■ Provided data ■
-- Opening Marker --

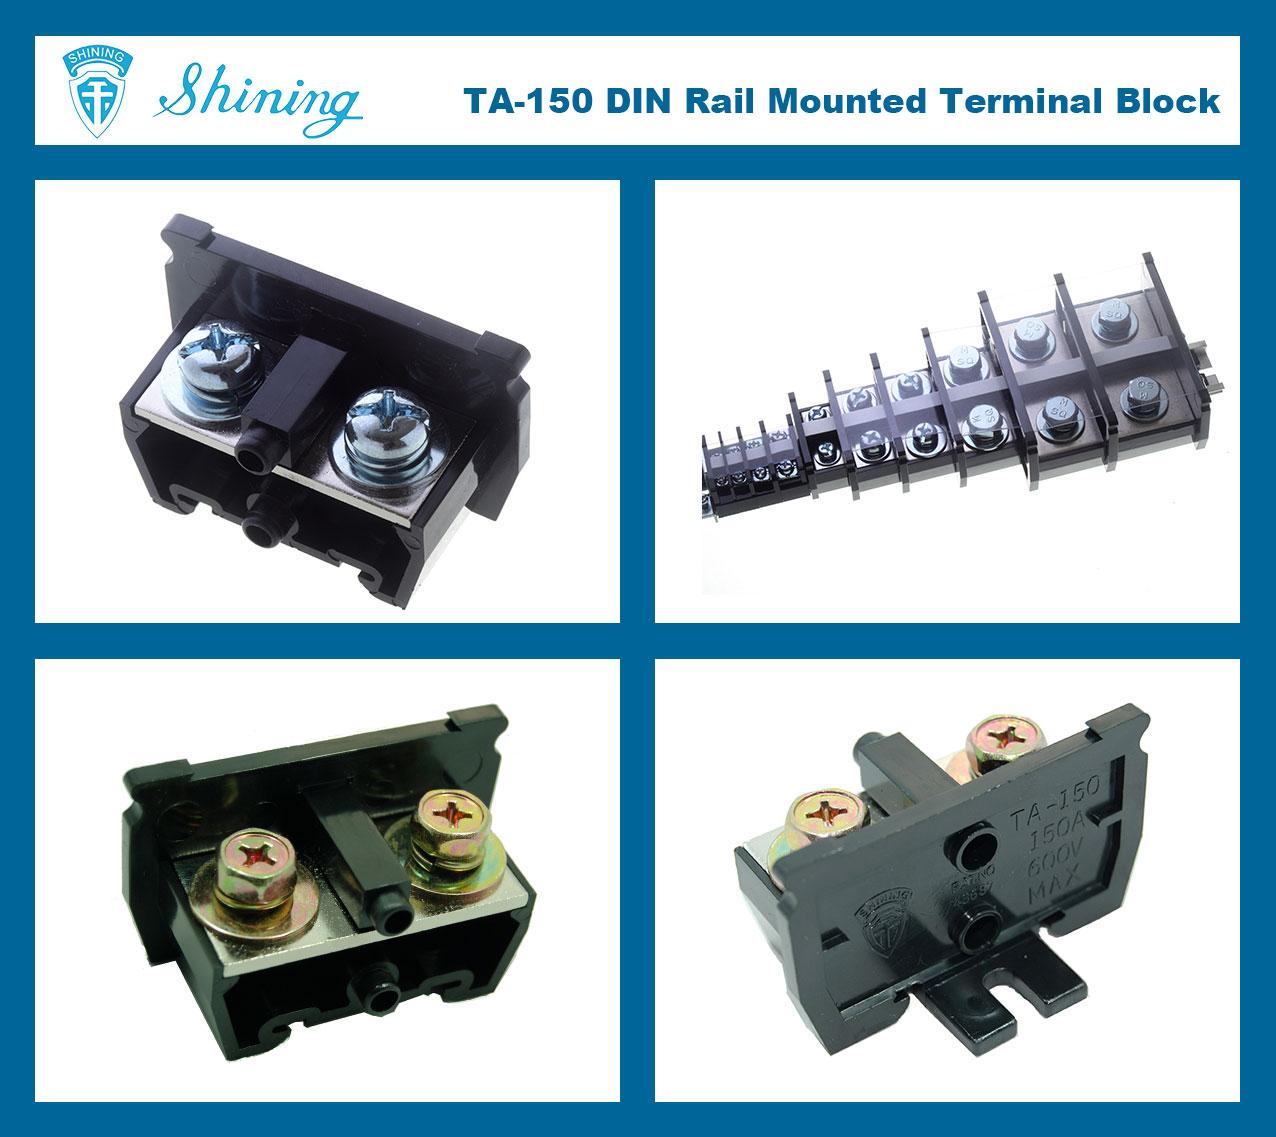 TA-150-35-mm-DIN-Rail-Electric-Wire-Connector-10A-Terminal-Block-1-Photo
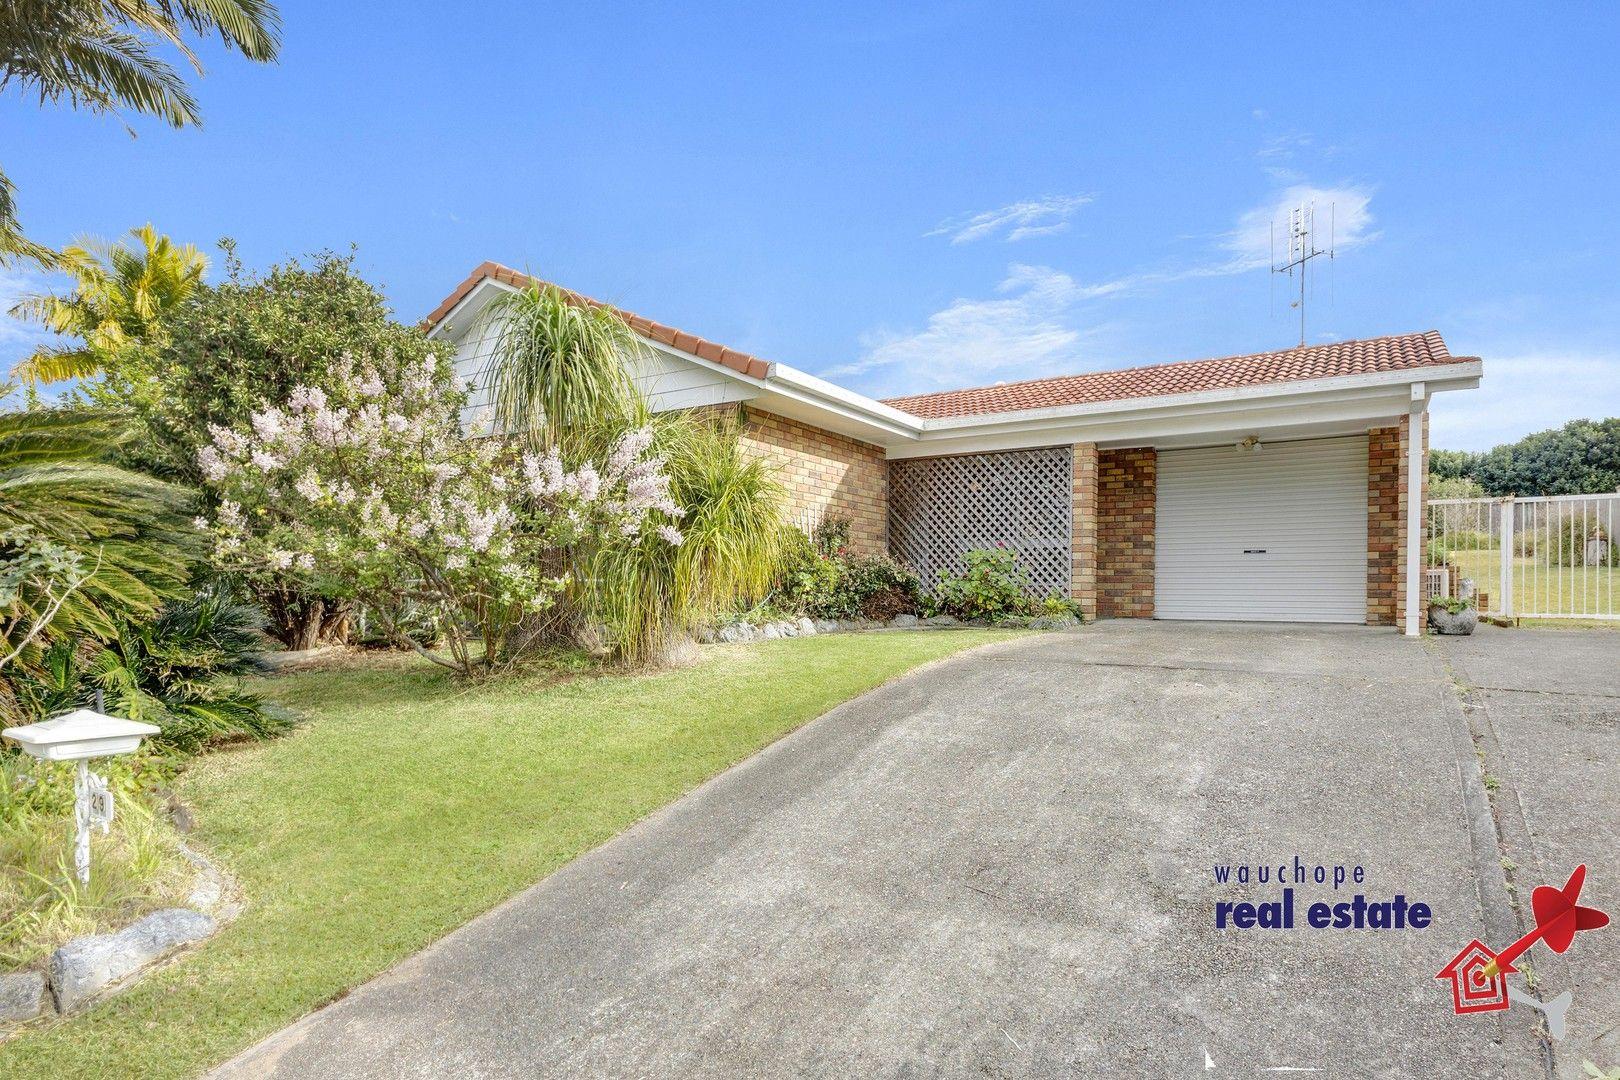 29 Cedar Close, Wauchope NSW 2446, Image 0
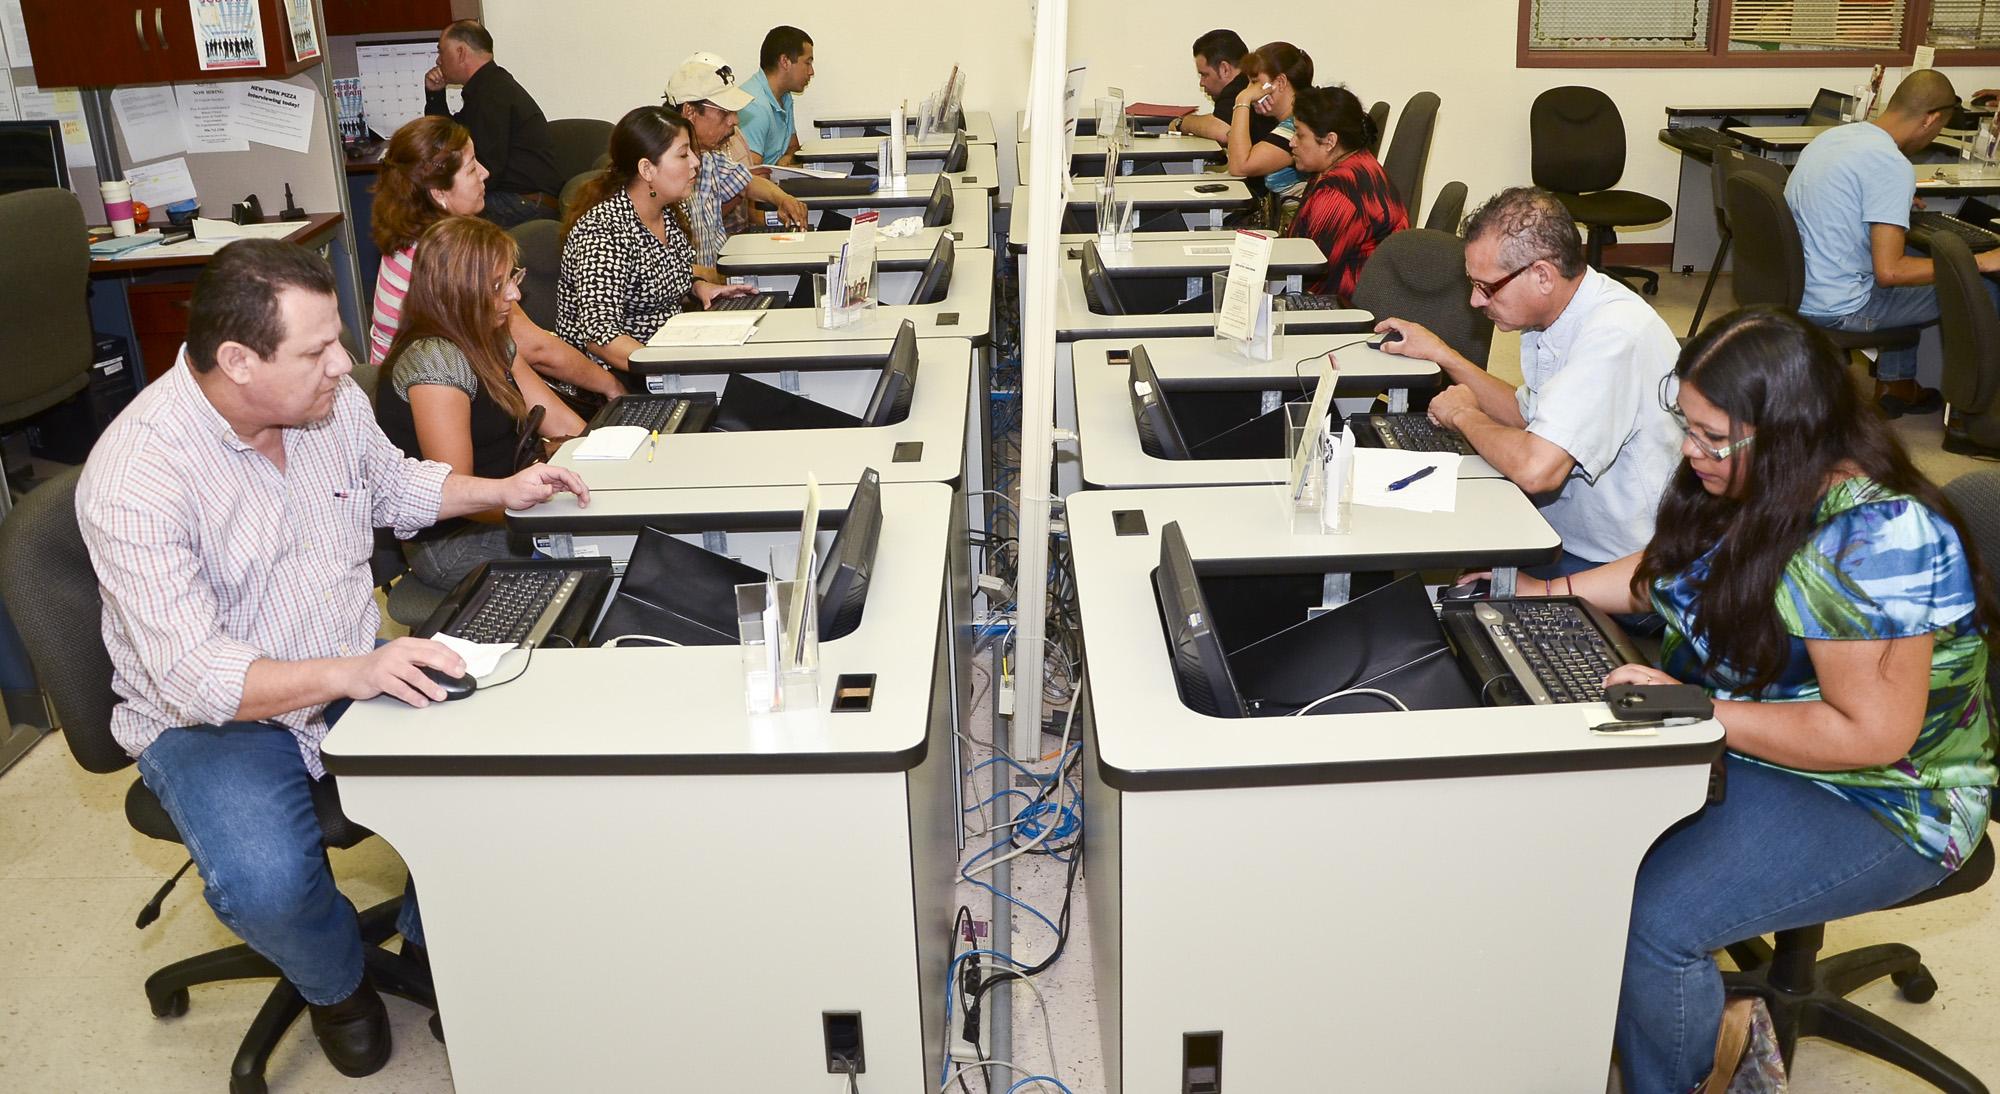 texas job growth stagnates in adds just 200 jobs across state texas job growth stagnates in adds just 200 jobs across state san antonio express news

-- Closing Marker --

Aside from the pictures, repeat the listing exactly.

 TA-150-35-mm-DIN-Rail-Electric-Wire-Connector-10A-Terminal-Block-1-Photo
 29 Cedar Close, Wauchope NSW 2446, Image 0
 texas job growth stagnates in adds just 200 jobs across state texas job growth stagnates in adds just 200 jobs across state san antonio express news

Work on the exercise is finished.